Single by King Missile

from the album The Way to Salvation
- B-side: "Various Remixes of the track"
- Released: 1991
- Genre: Avant-garde, pop rock, psychedelic rock
- Length: 2:36
- Label: Atlantic
- Songwriter(s): John S. Hall, Dave Rick
- Producer(s): King Missile, Lou Giordano

King Missile singles chronology
| "Jesus Was Way Cool" (1990) | "My Heart Is a Flower" (1991) | "Detachable Penis" (1992) |

= My Heart Is a Flower =

"My Heart Is a Flower" is a song by avant-garde band King Missile. It was the only single from the band's 1991 album The Way to Salvation.

==Content==
In "My Heart Is a Flower," a pop rock track with elements of psychedelic rock, frontman John S. Hall repeatedly sings the titular phrase, recites a short monologue expanding on the heart-as-flower metaphor, then returns to singing the titular phrase as the music crescendoes.

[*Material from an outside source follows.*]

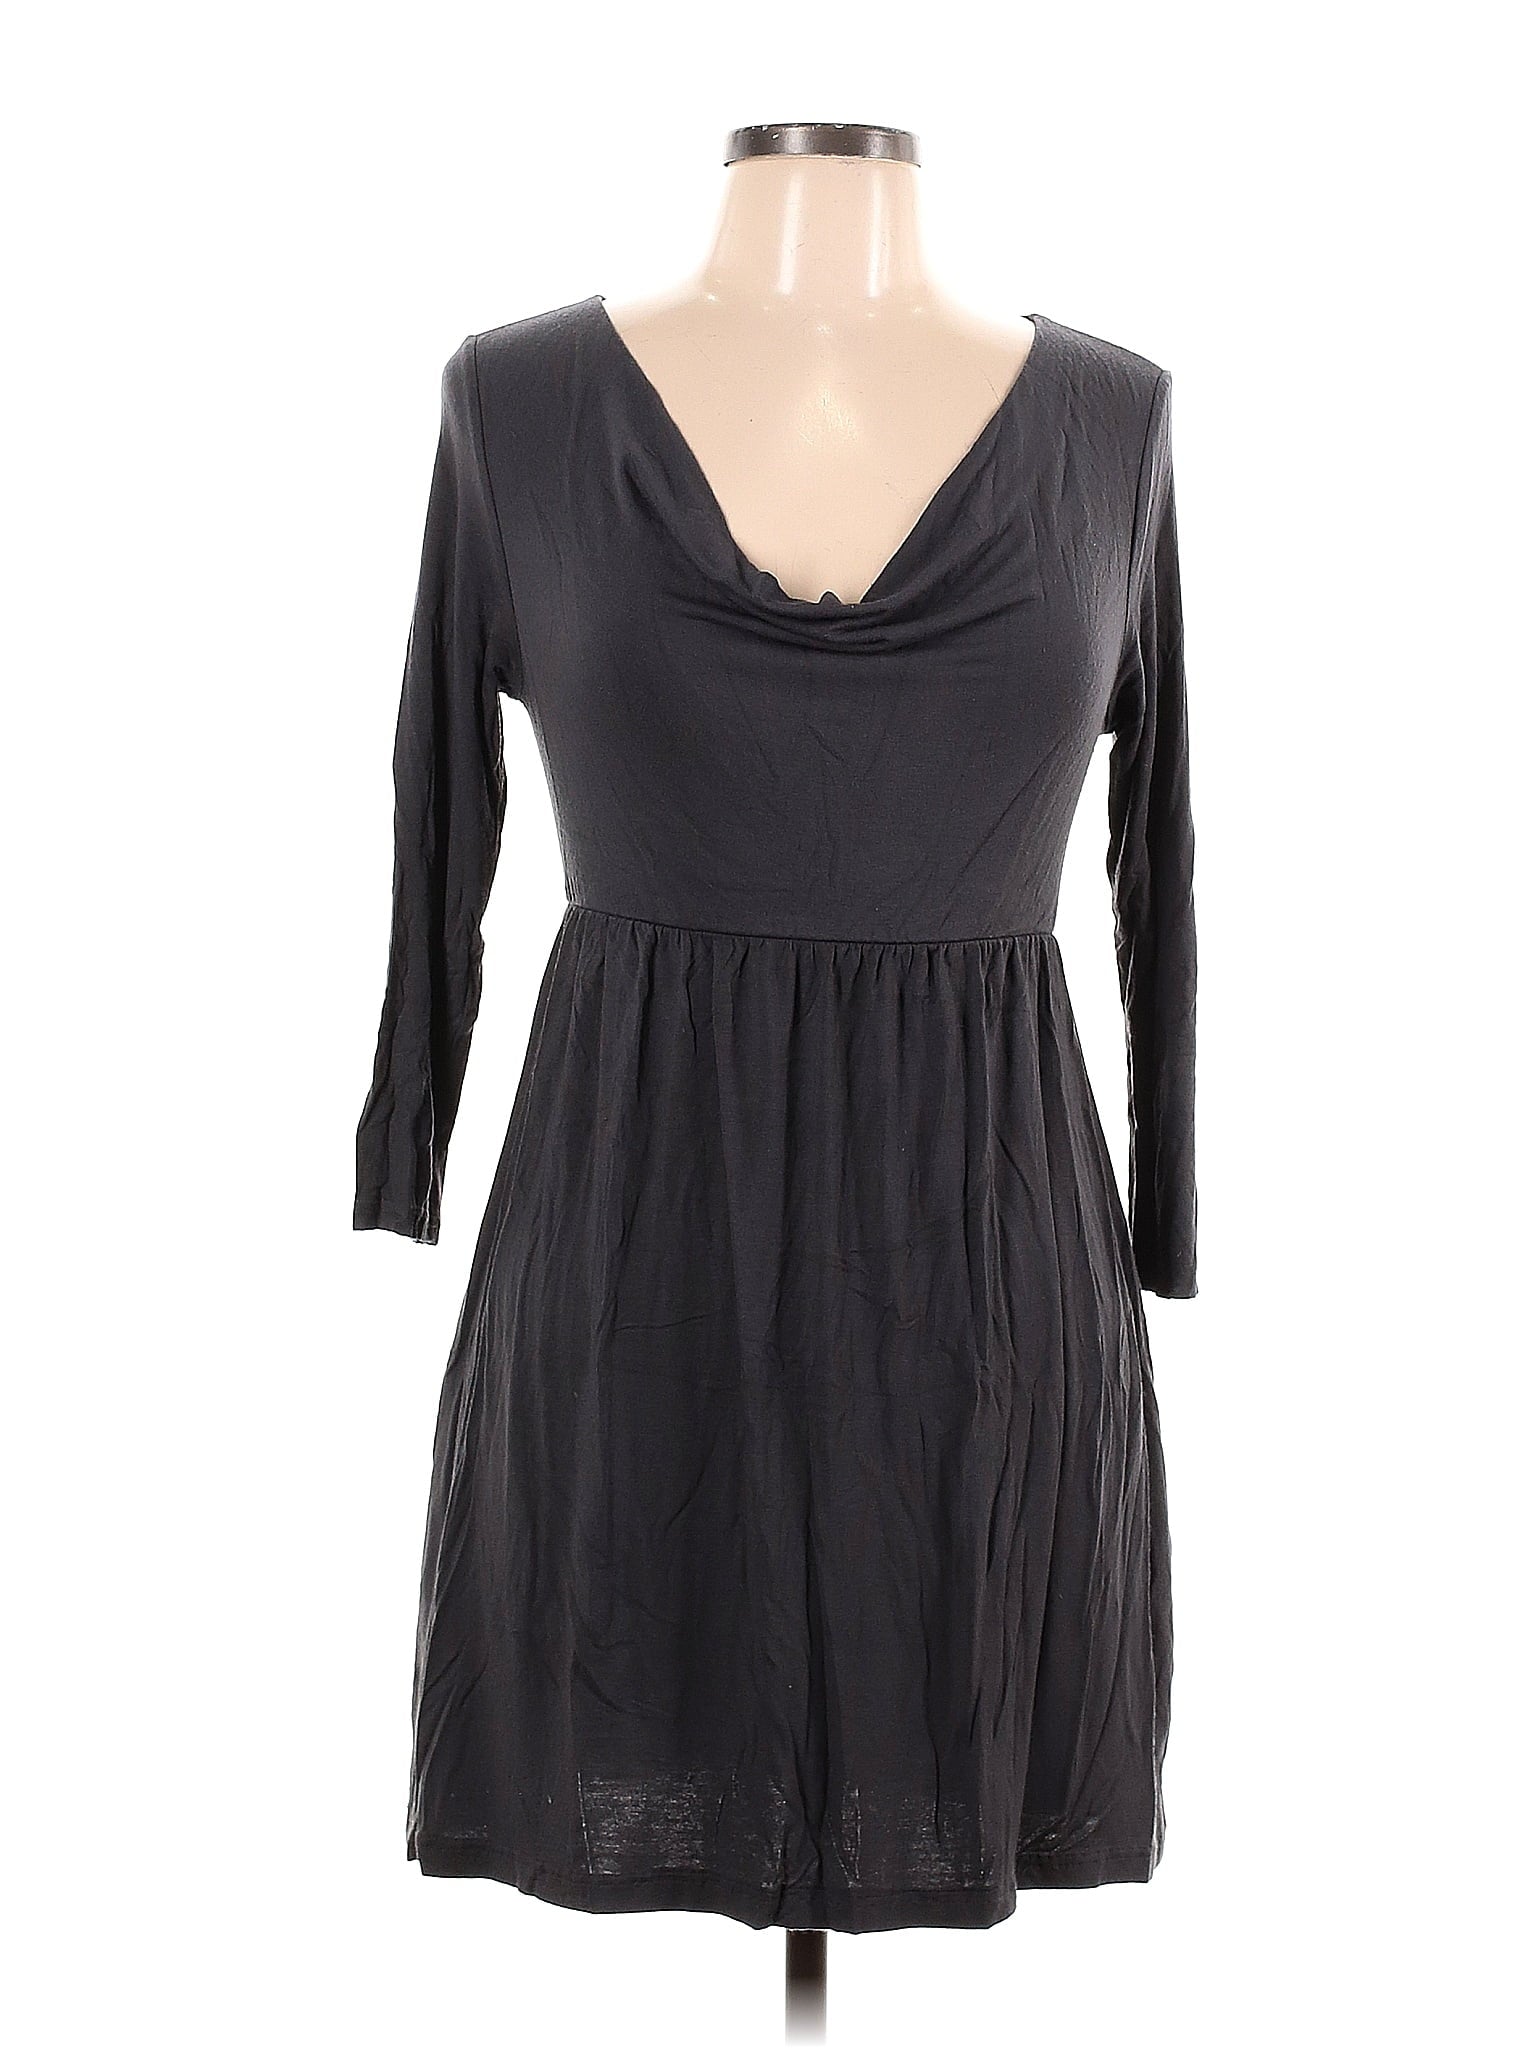 Casual Dress size - Lg (2)

In an interview circa 1992, Hall explained his inspiration for the song as follows:
...[W]hen I really, really feel very bad, what I want to do is make myself feel better, so I'll write something happier. 'My Heart Is a Flower' is really a funny song. I was very, very sad when I wrote that one and a lot of people find that surprising. But I felt really, really trampled on, like a flower that's been thrown down in the dirt, when I wrote that.

==Music video==
The video for "My Heart Is a Flower" was directed by Phil Morrison. During the parts of the video that accompany the sung sections of the song, the band performs in a large, colorful garden, with multi-instrumentalist Chris Xefos often playing in a bear costume. During the part of the video that accompanies the spoken section, Hall plays chutes and ladders in a dimly lit room with a woman played by Juliana Hatfield. The woman flosses her teeth before narrowly avoiding a kiss from Hall.